Content starts

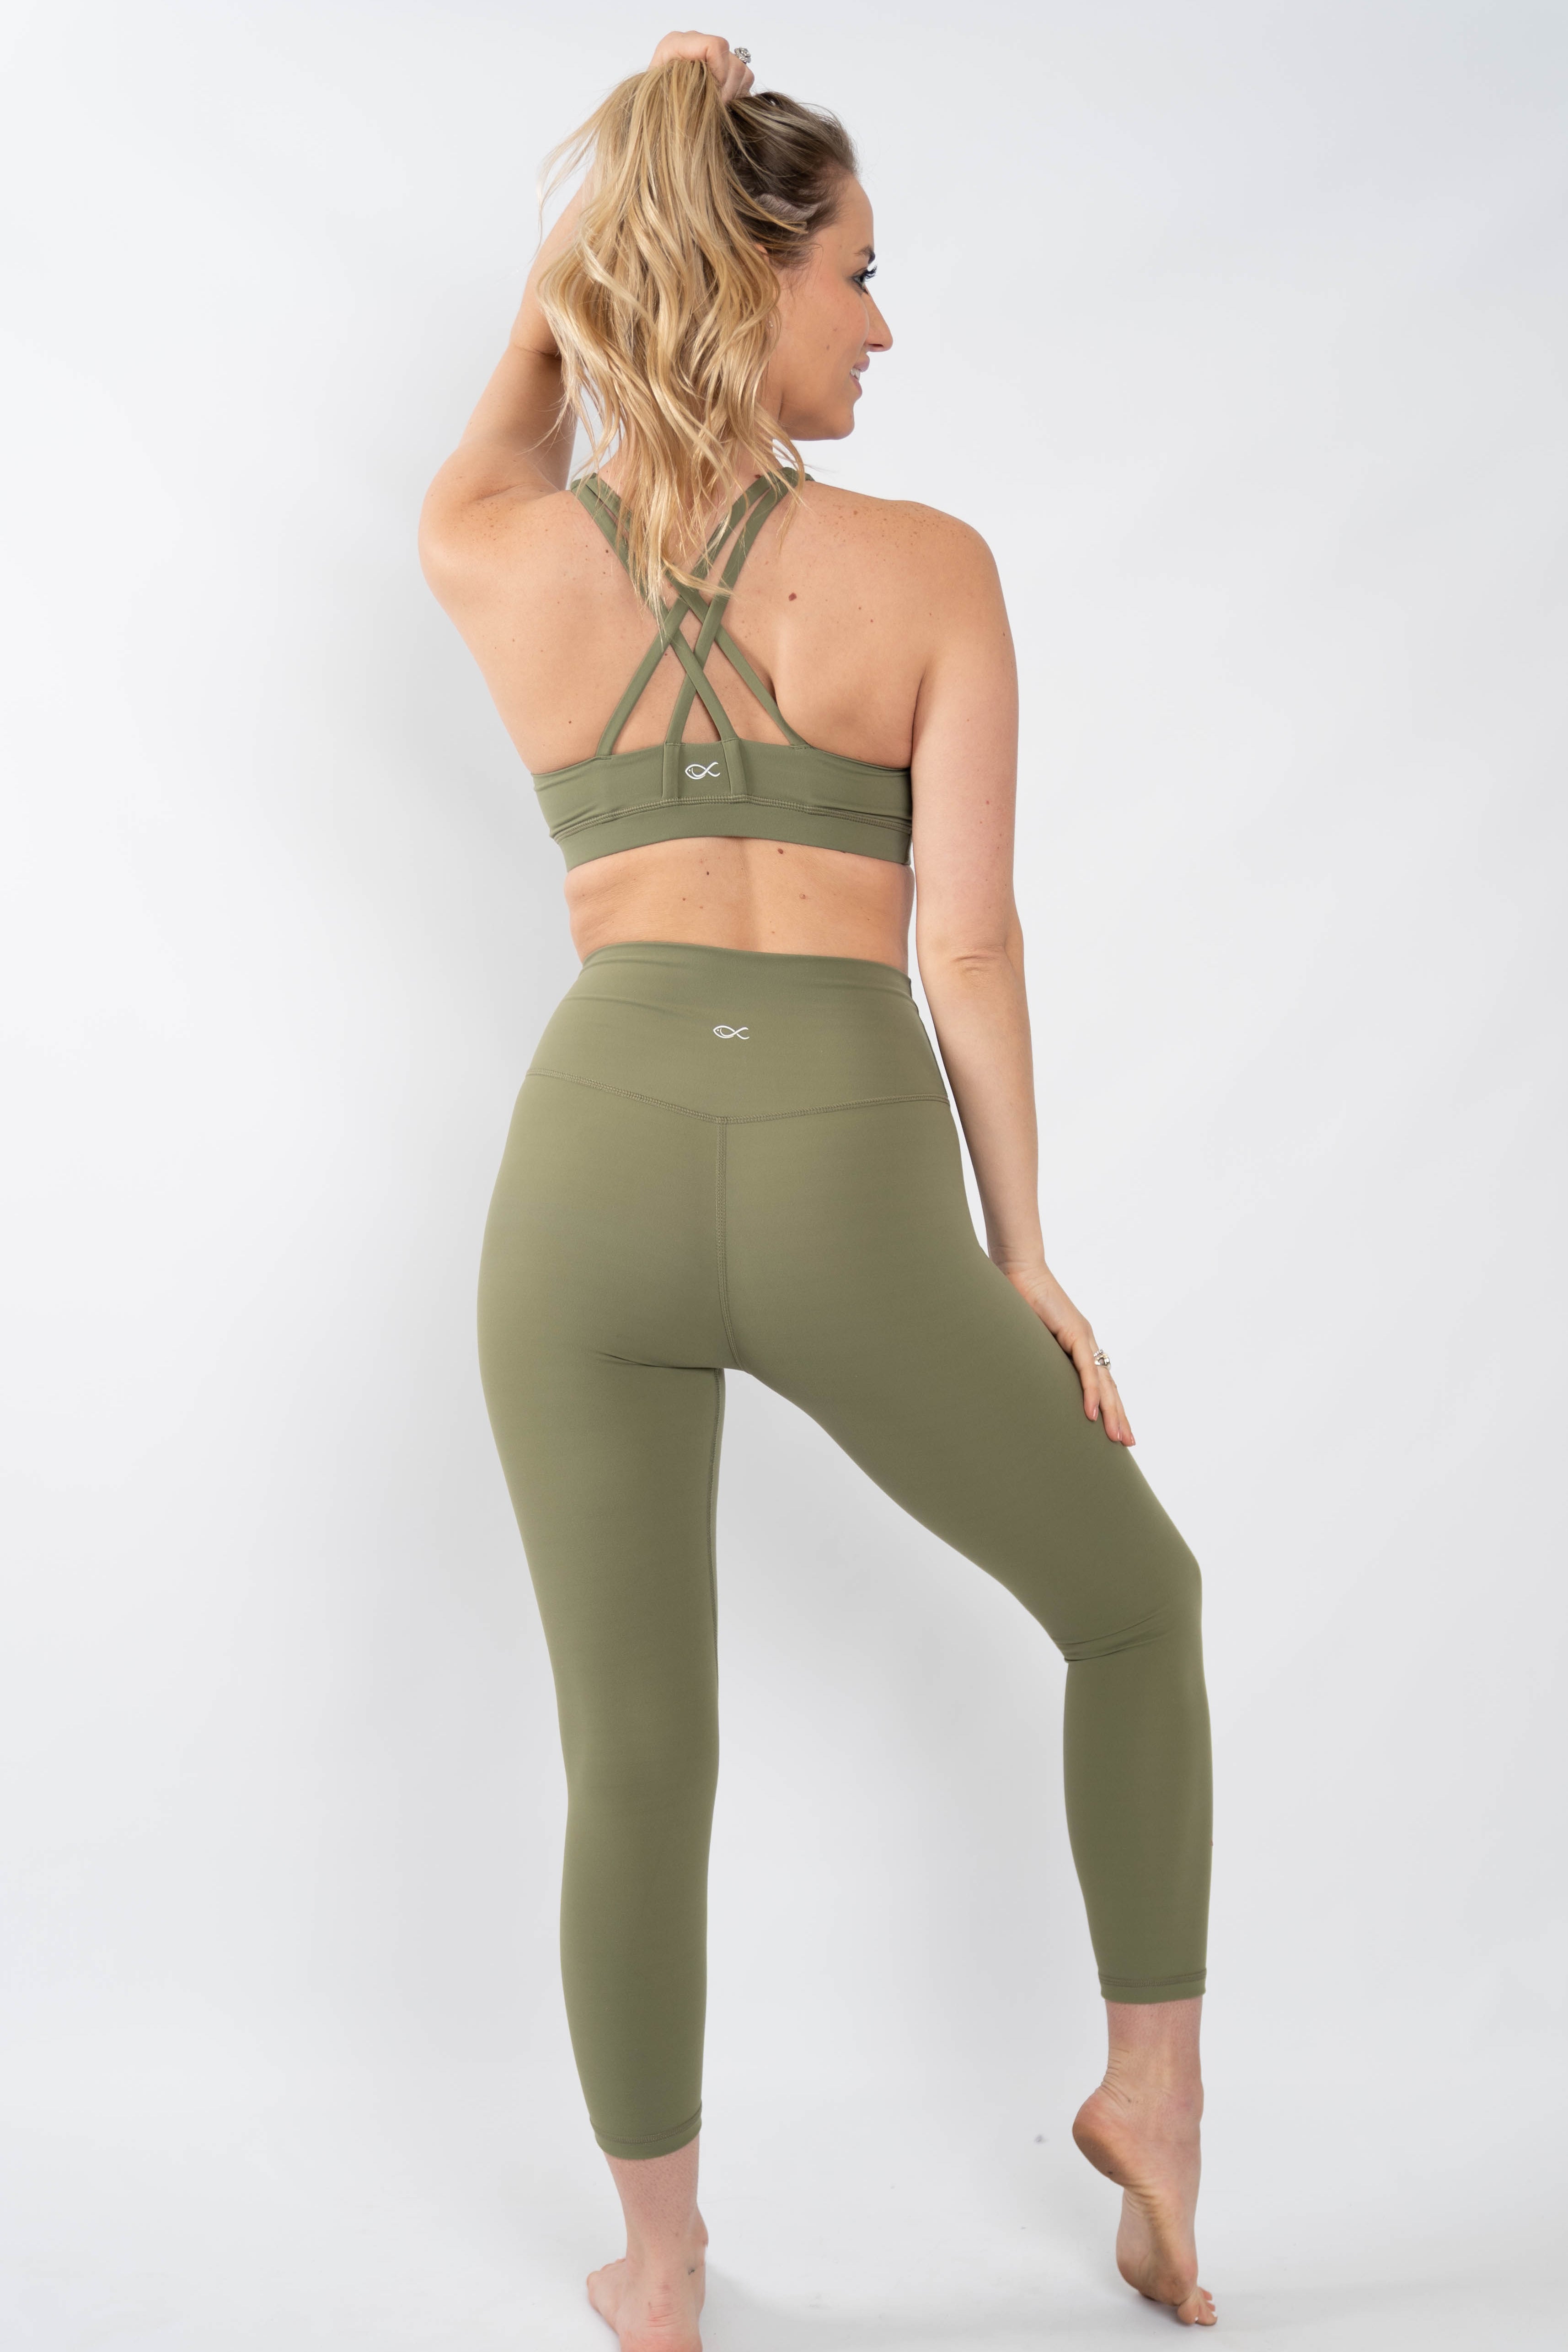 Bliss Leggings in Capulet Olive - Southern Athletica
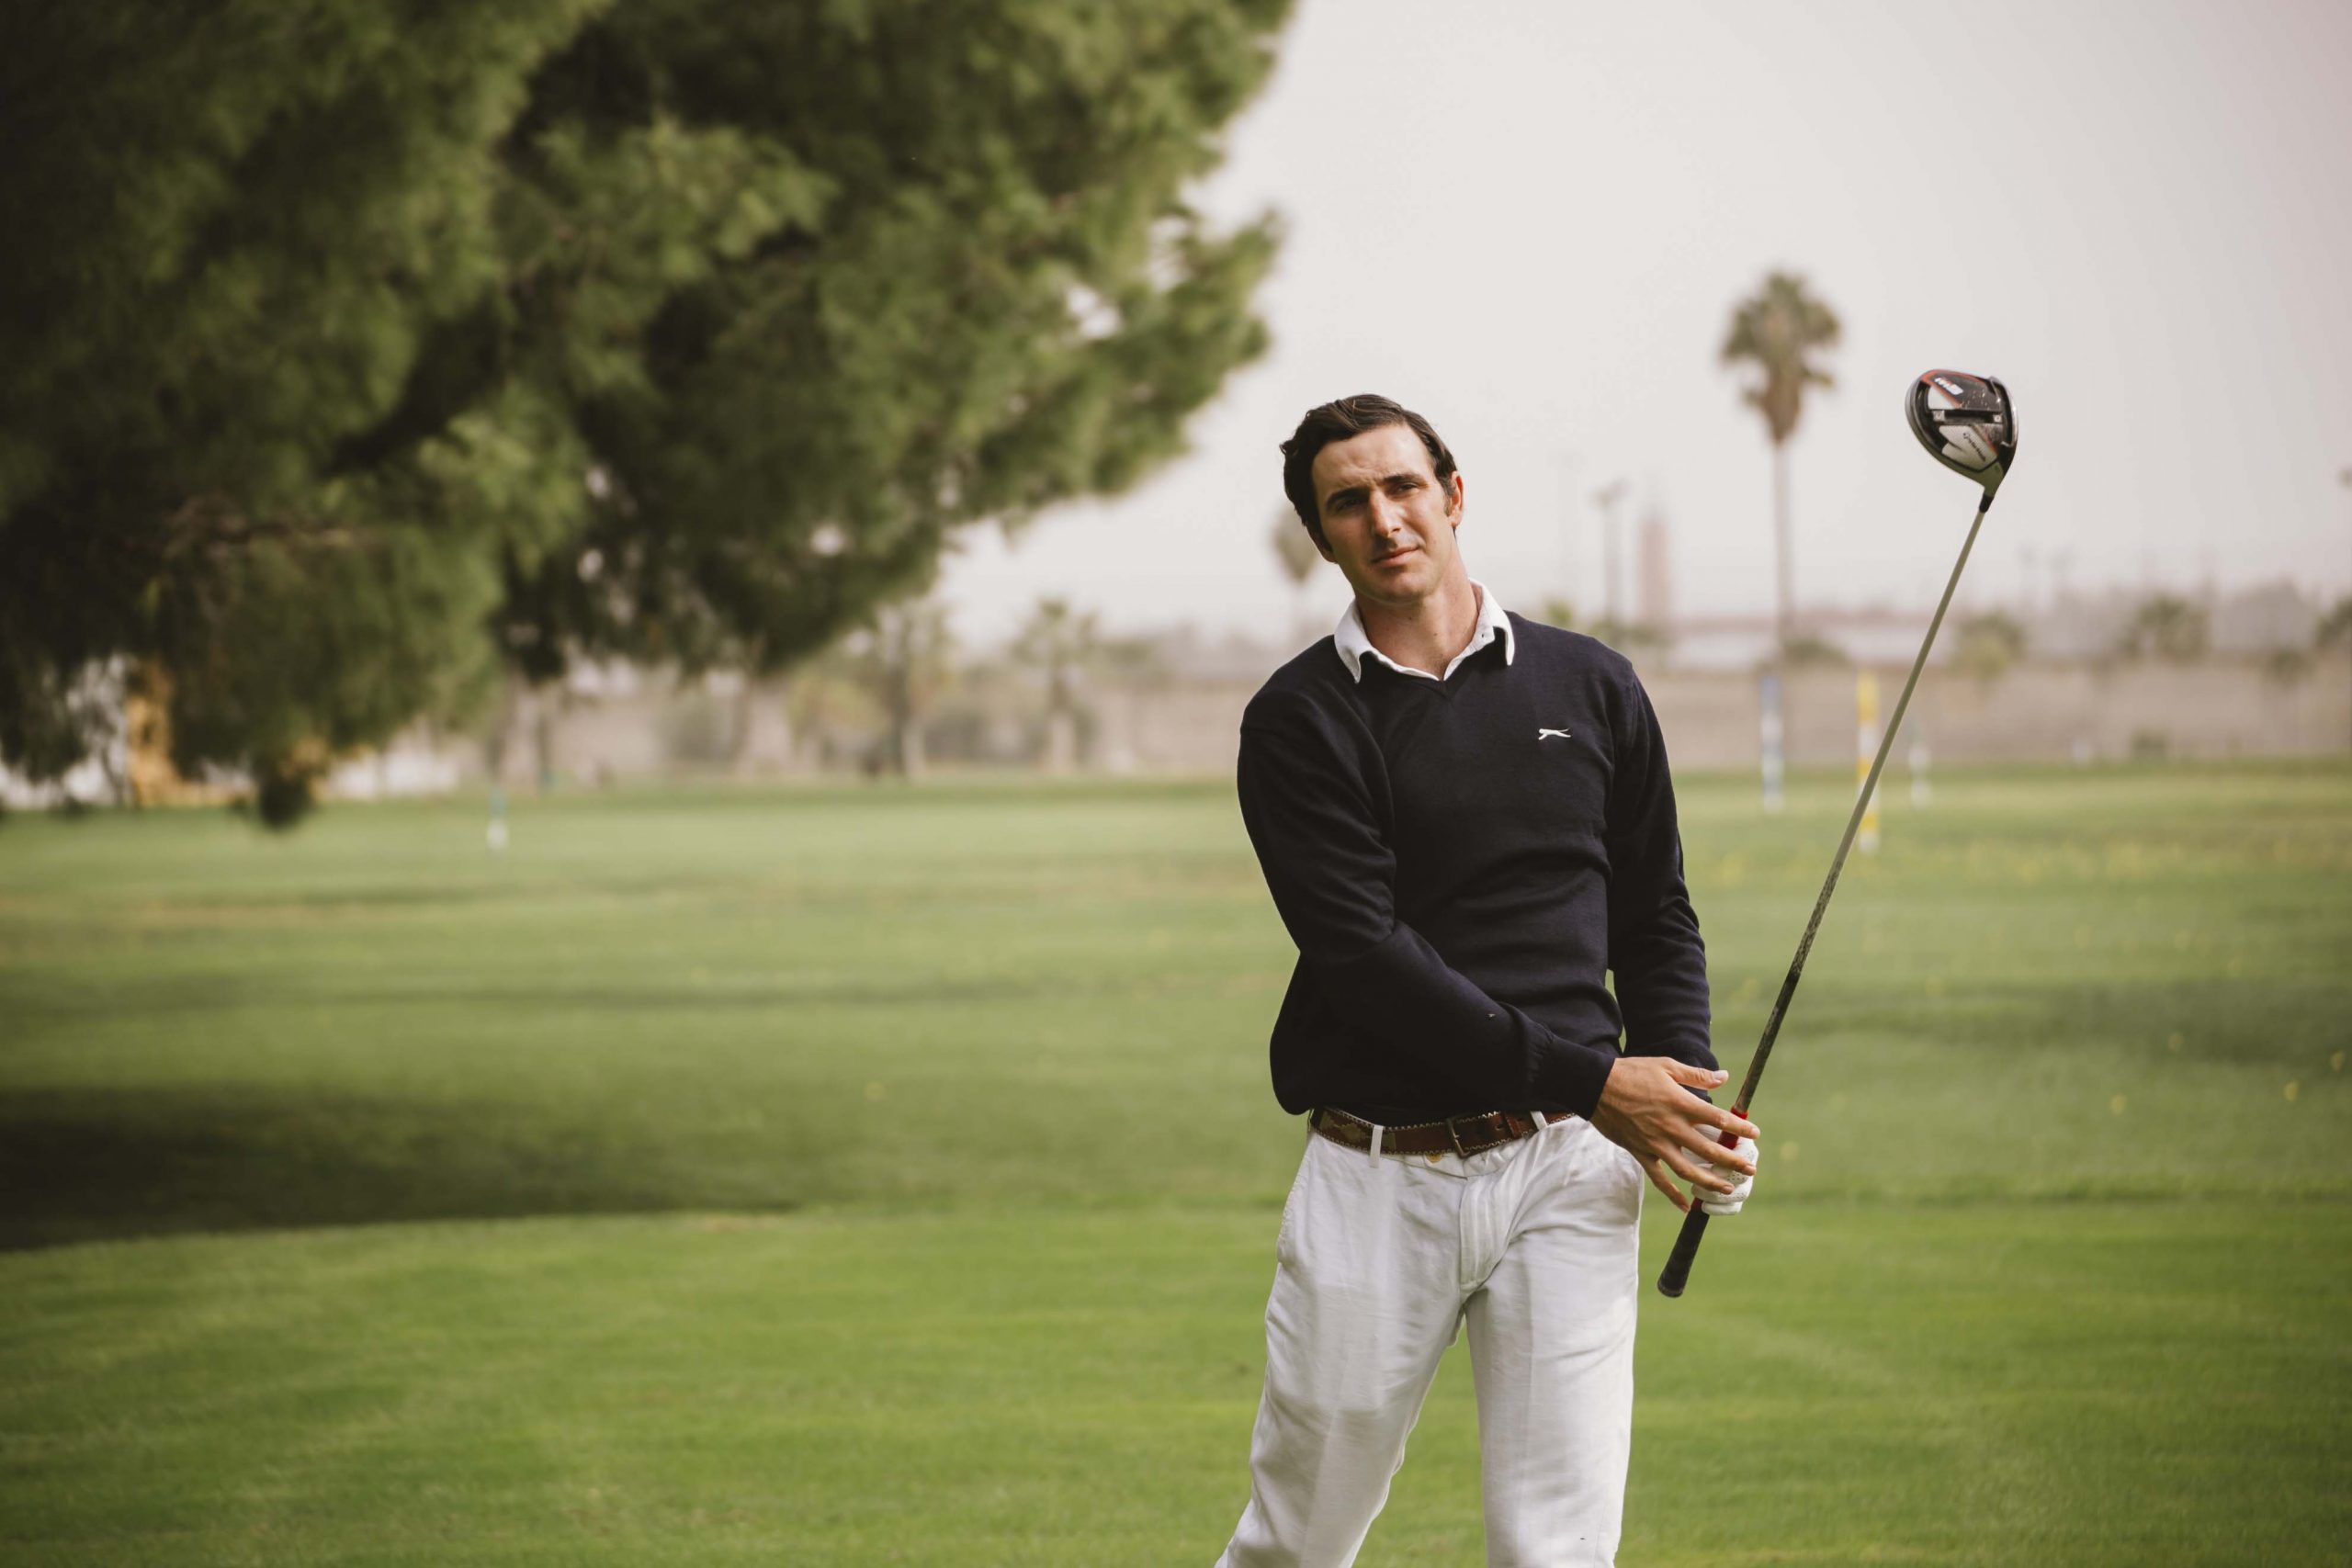 OOTD (outfit of the day) for golfers with style - Slazenger Heritage
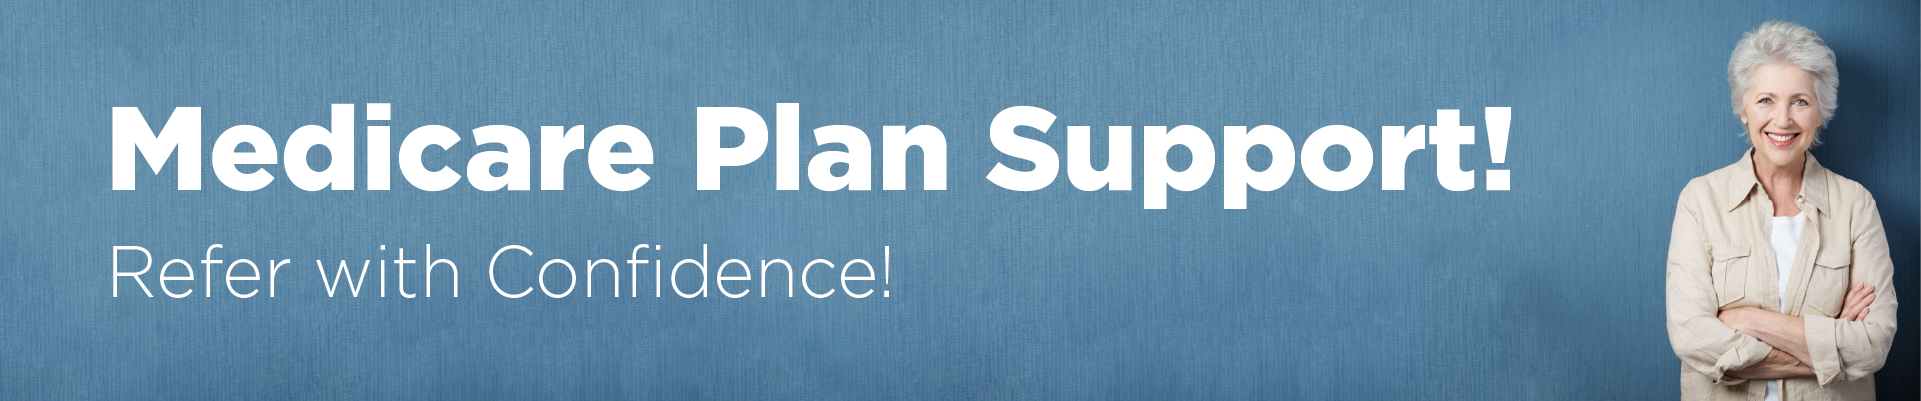 medicare plan support refer with confidence

Content ends

> **What you should do**
Retype only the lines from the line with "OOTD (outfit of" through the last line of the data. Keep both ends and skip the pictures.

> **Response for this exercise**
 OOTD (outfit of the day) for golfers with style - Slazenger Heritage
 medicare plan support refer with confidence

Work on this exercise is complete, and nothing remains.